Le risque est aussi réputationnel. Lorsqu’un client reçoit un faux mail de confirmation, clique sur une fausse page de paiement ou télécharge une fausse application aux couleurs d’un événement officiel, il ne distingue pas toujours clairement l’escroc de l’écosystème légitime. La confiance se dégrade en bloc. Et dans un événement mondial, cette perte de confiance se propage vite.

La limite, c’est que la cybersécurité ne peut pas tout résoudre seule. Les domaines malveillants peuvent être détectés et bloqués. Les campagnes peuvent être signalées. Les collaborateurs peuvent être formés. Mais une partie du problème se joue ailleurs, à savoir dans la pression commerciale, dans l’appétit du public pour les bonnes affaires, dans les parcours utilisateurs trop complexes, dans l’absence de repères simples pour vérifier l’authenticité d’un site ou d’une offre.

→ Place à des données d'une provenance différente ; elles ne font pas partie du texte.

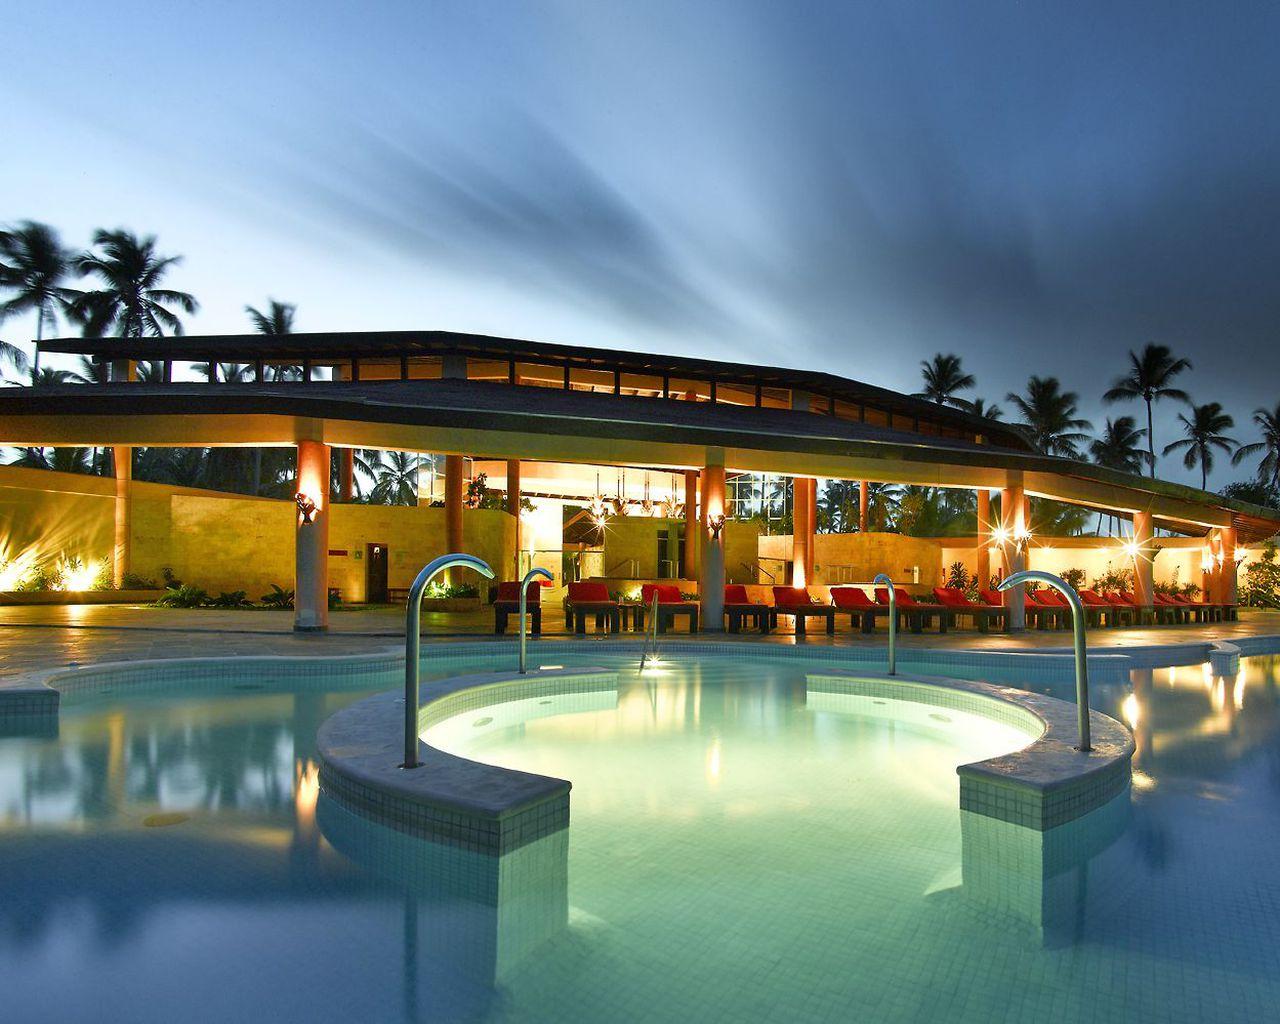 Punta cana hoteles 5 estrellas desde 756 - Hotel salamanca 5 estrellas ...

La réponse doit donc être opérationnelle. Les entreprises exposées à la Coupe du monde doivent surveiller les domaines proches de leur marque, durcir leurs processus de paiement, authentifier clairement leurs communications, renforcer les contrôles sur les campagnes marketing, préparer leurs centres de support à répondre aux fraudes et rappeler sans ambiguïté leurs canaux officiels.

La Coupe du monde 2026 sera un événement sportif et un test grandeur nature de confiance numérique. Les cybercriminels, eux, l’ont déjà compris : un grand événement mondial n’est pas seulement une fête. C’est aussi une infrastructure de fraude.